# More wraps = More Resistance (Apparently Not??)



## Joseph (30/1/18)

Howzit guys,

So I bought some Geek Vape N80 Fused Clapton (NiChrome, 26ga*3 + 36ga) wire today and started my build:

My first build was a duel coil 5 wrap coil (On a 3.0mm screw driver, which I think is the biggest from the set), which resulted in 0.09 ohm resistance. I had to play around with the wire abit to get it to hit atleast 0.1 ohm so my mod (Reuleaux RX2/3) would at least fire.

On my second build, I really wanted to get a higher resistance to ensure safety and thought an extra wrap would help. So using the same wire; I done a 6 wrap (Also on a 3.0mm screw driver) duel coil which somehow also resulted in 0.09 ohm resistance and no matter how much playing around I do with the wire I can't get it higher than 0.09 ohm and actually dropped to 0.07 ohm at times.

I'm abit confused as to why this is happening? Surely another wrap would have given me better resistance? In theory that's an extra 2 wraps because I'm doing 2 coils.

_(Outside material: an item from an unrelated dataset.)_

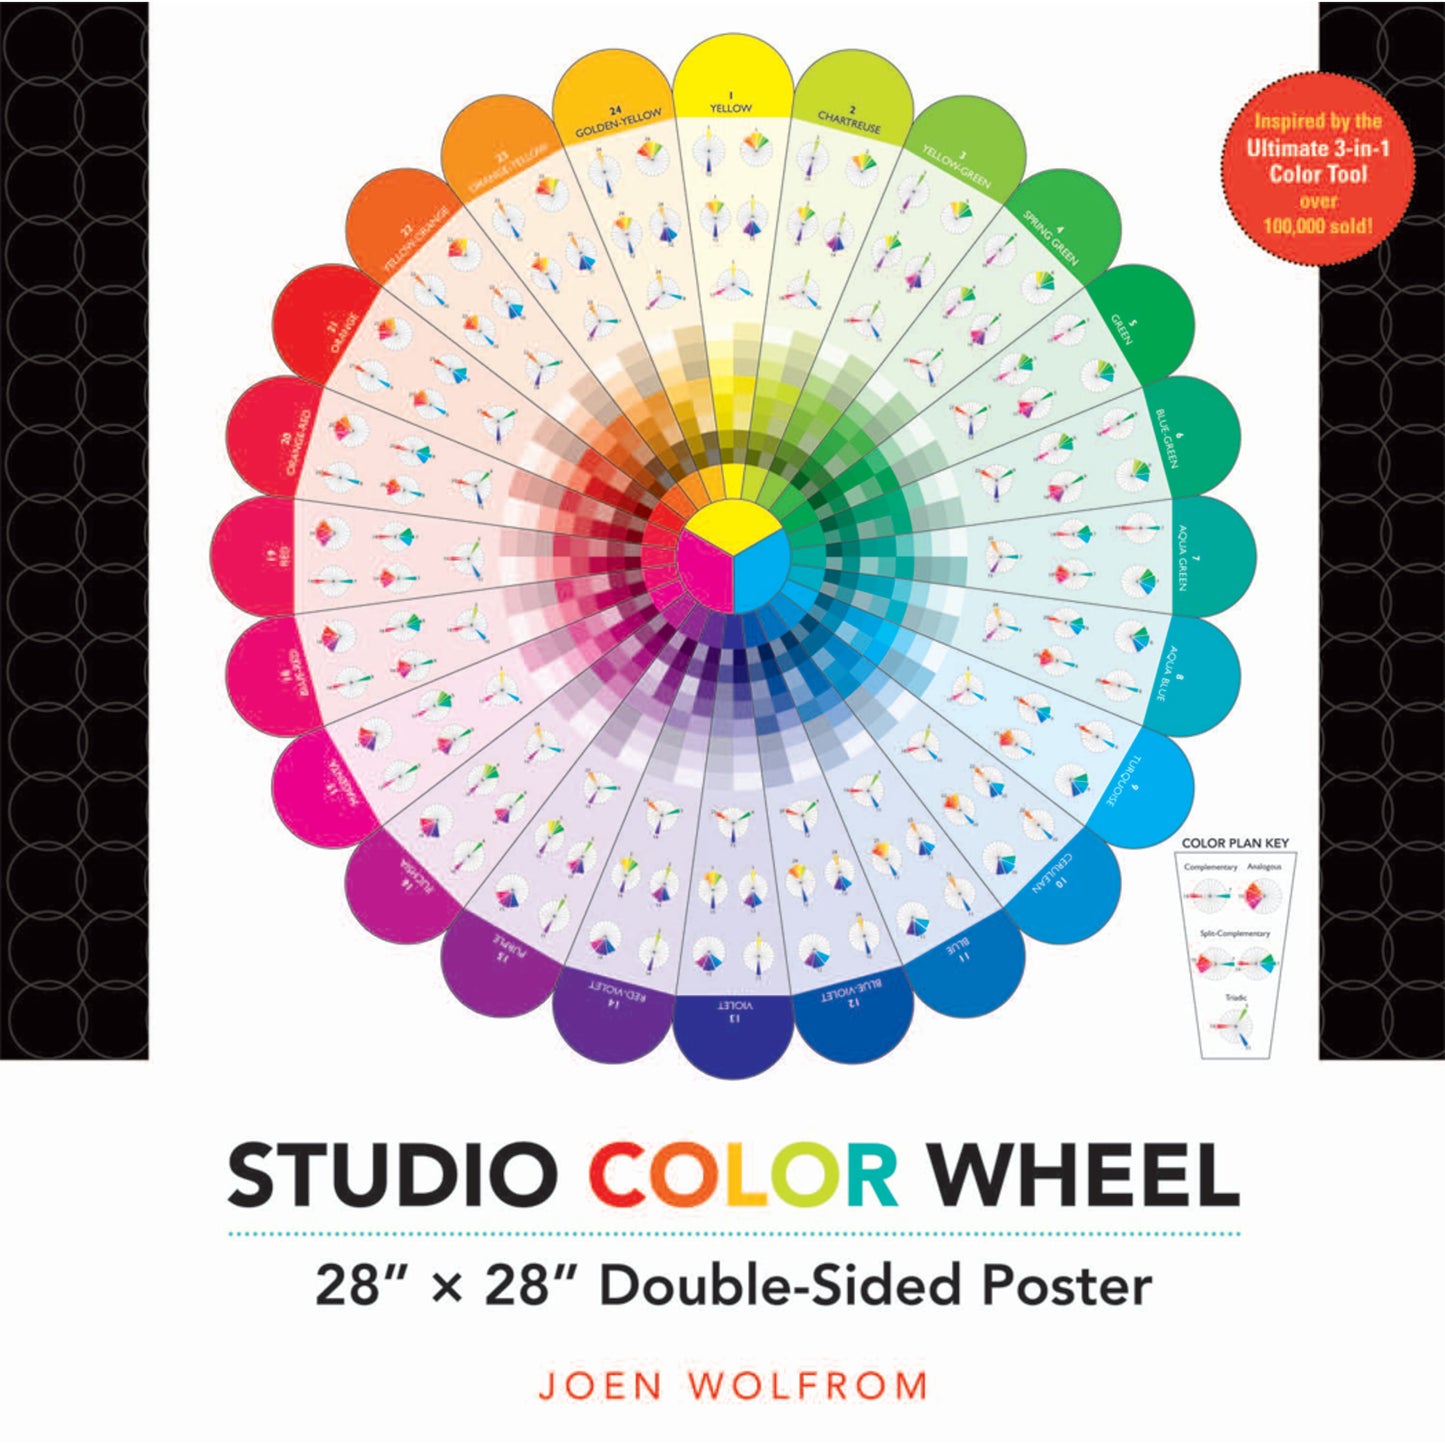 Studio color wheel

Also I thought 2 coils should result in higher resistance over a single coil build, but noticed when I have a single coil I get about 0.20 ohm resistance and when doing duel coil it halves the resistance? Although irrelevant from this, I don't understand why my extra wrap didn't result in higher resistance?

Hoping someone can help explain this to me and also possibly point me in the right direction to building higher resistance coils. I would say most of my decks are pretty decently sized and 6 wraps is pretty wide and much thicker than pre-made coils yet someone results in much much less resistance?

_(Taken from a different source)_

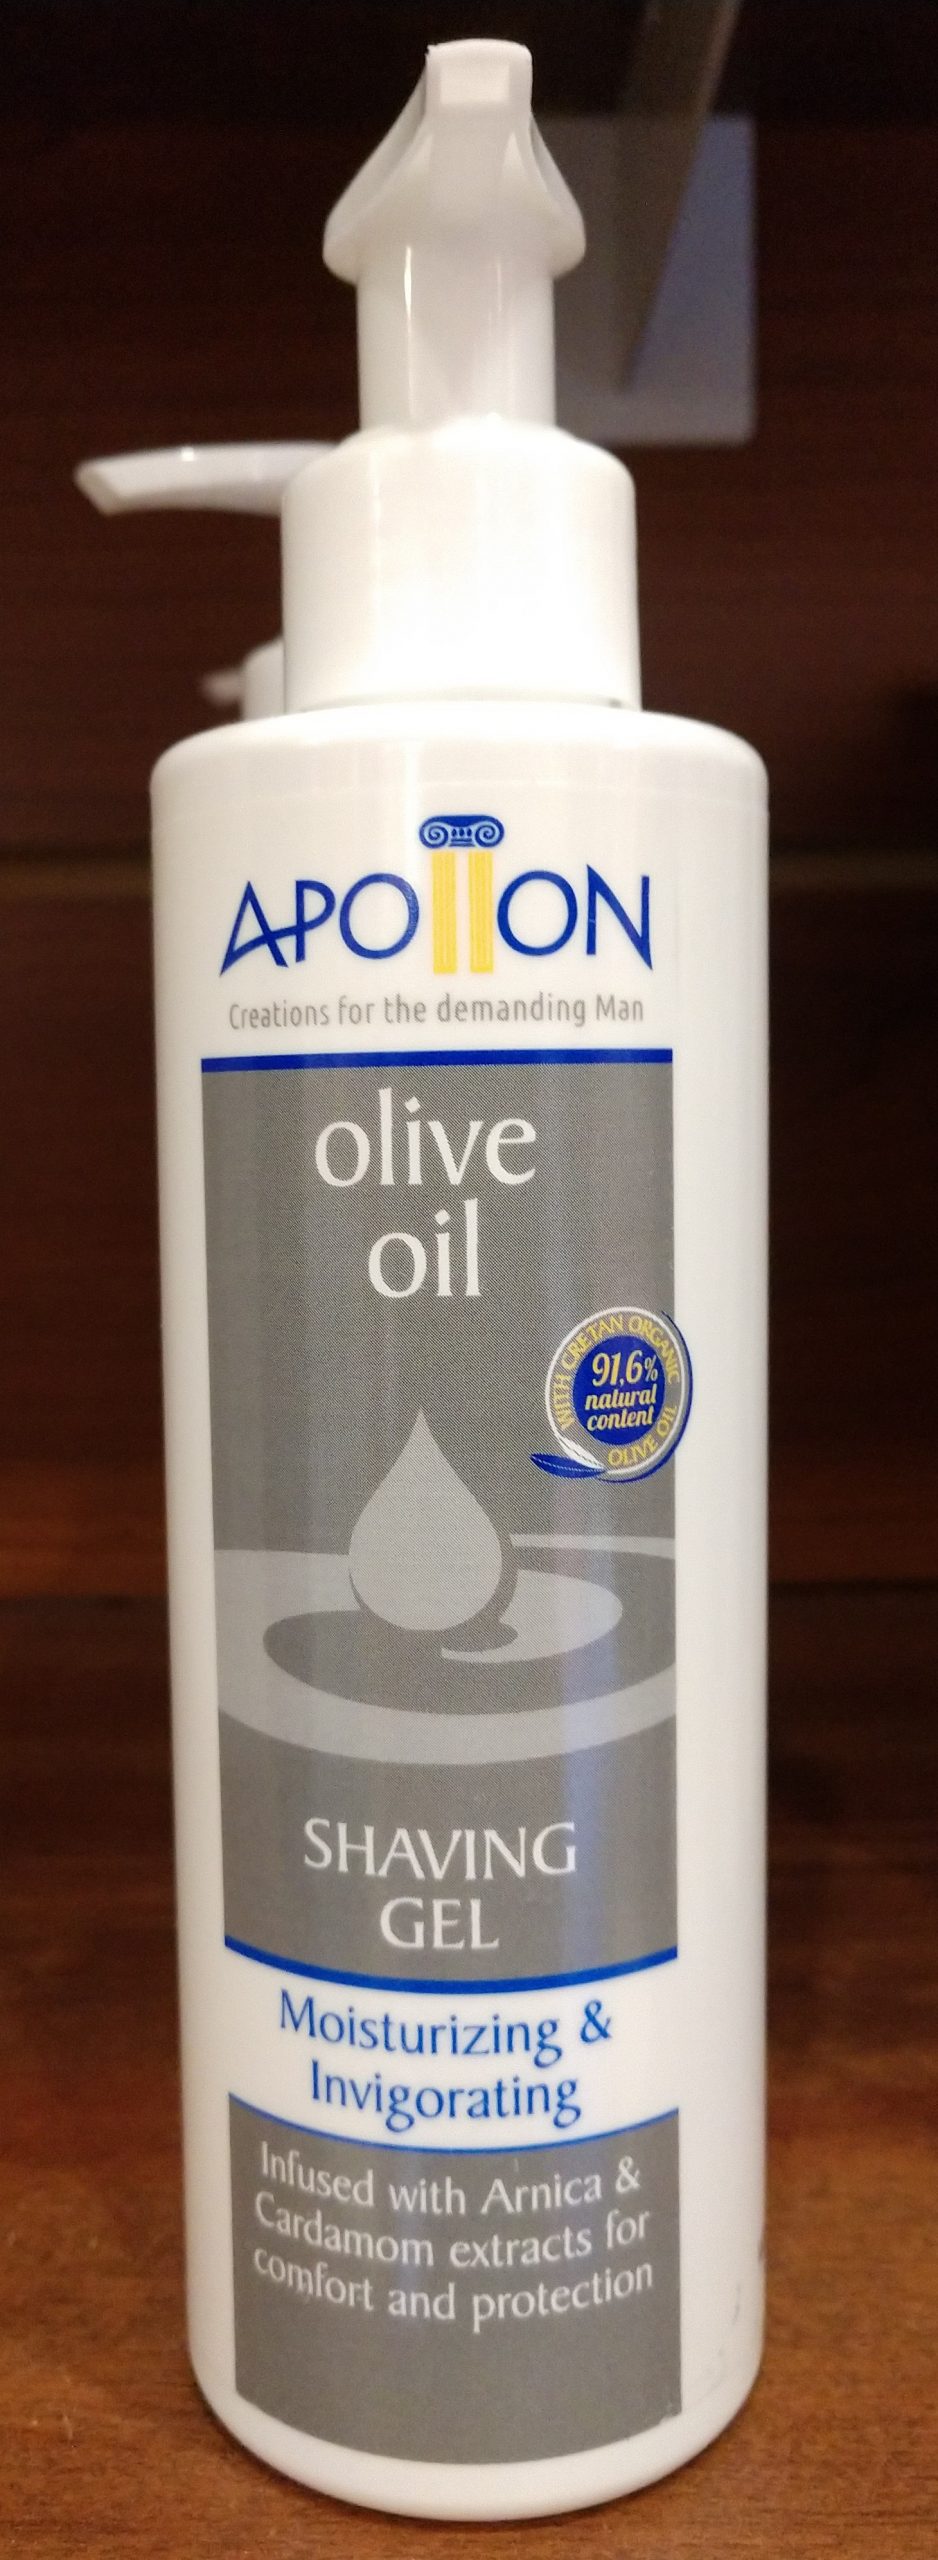 olive oil shaving gell

Thank you and look forward to your responses.

Peace Out

Reactions: Like 3 | Optimistic 1


----------



## Smoke_A_Llama (30/1/18)

Resistance in parallel will always be half than that of single ... due to it offering more pathways for current to flow (welcome to electricity haha)

Resistance is directly proportional to length but indirectly proportional to surface area (imagine resistance as a highway or road, more lanes will result in less traffic)

Now if I use a single wire and add an extra wrap, surface area will stay the same but the length increases (so instead of driving 10kms your car will have to drive 15km in traffic)

The problem now is you're using a wire which has three strands instead of one... So by adding extra wraps youre only increasing the resistance by 1/3 of what it will be in the case of if it was only one strand ( due to the three wires providing 3x the surface area or "roads" ) but keep in mind you have it in a dual set up so by adding an extra wrap to both coils you will be only adding 1/6 more resistance ....

Reactions: Like 5 | Agree 2 | Winner 3 | Informative 4 | Useful 1


----------



## Smoke_A_Llama (31/1/18)

If I remember correctly ... when I coiled 26x3 with 36 ni80 and installed on my buddies peerless the resistance settled on 0.14 Ohms with 7 wraps each on a 3mm screwdriver ... that's after dry burning each coil individually and wicking (Ni80 resistance increases after dry burning and wicking most of the time)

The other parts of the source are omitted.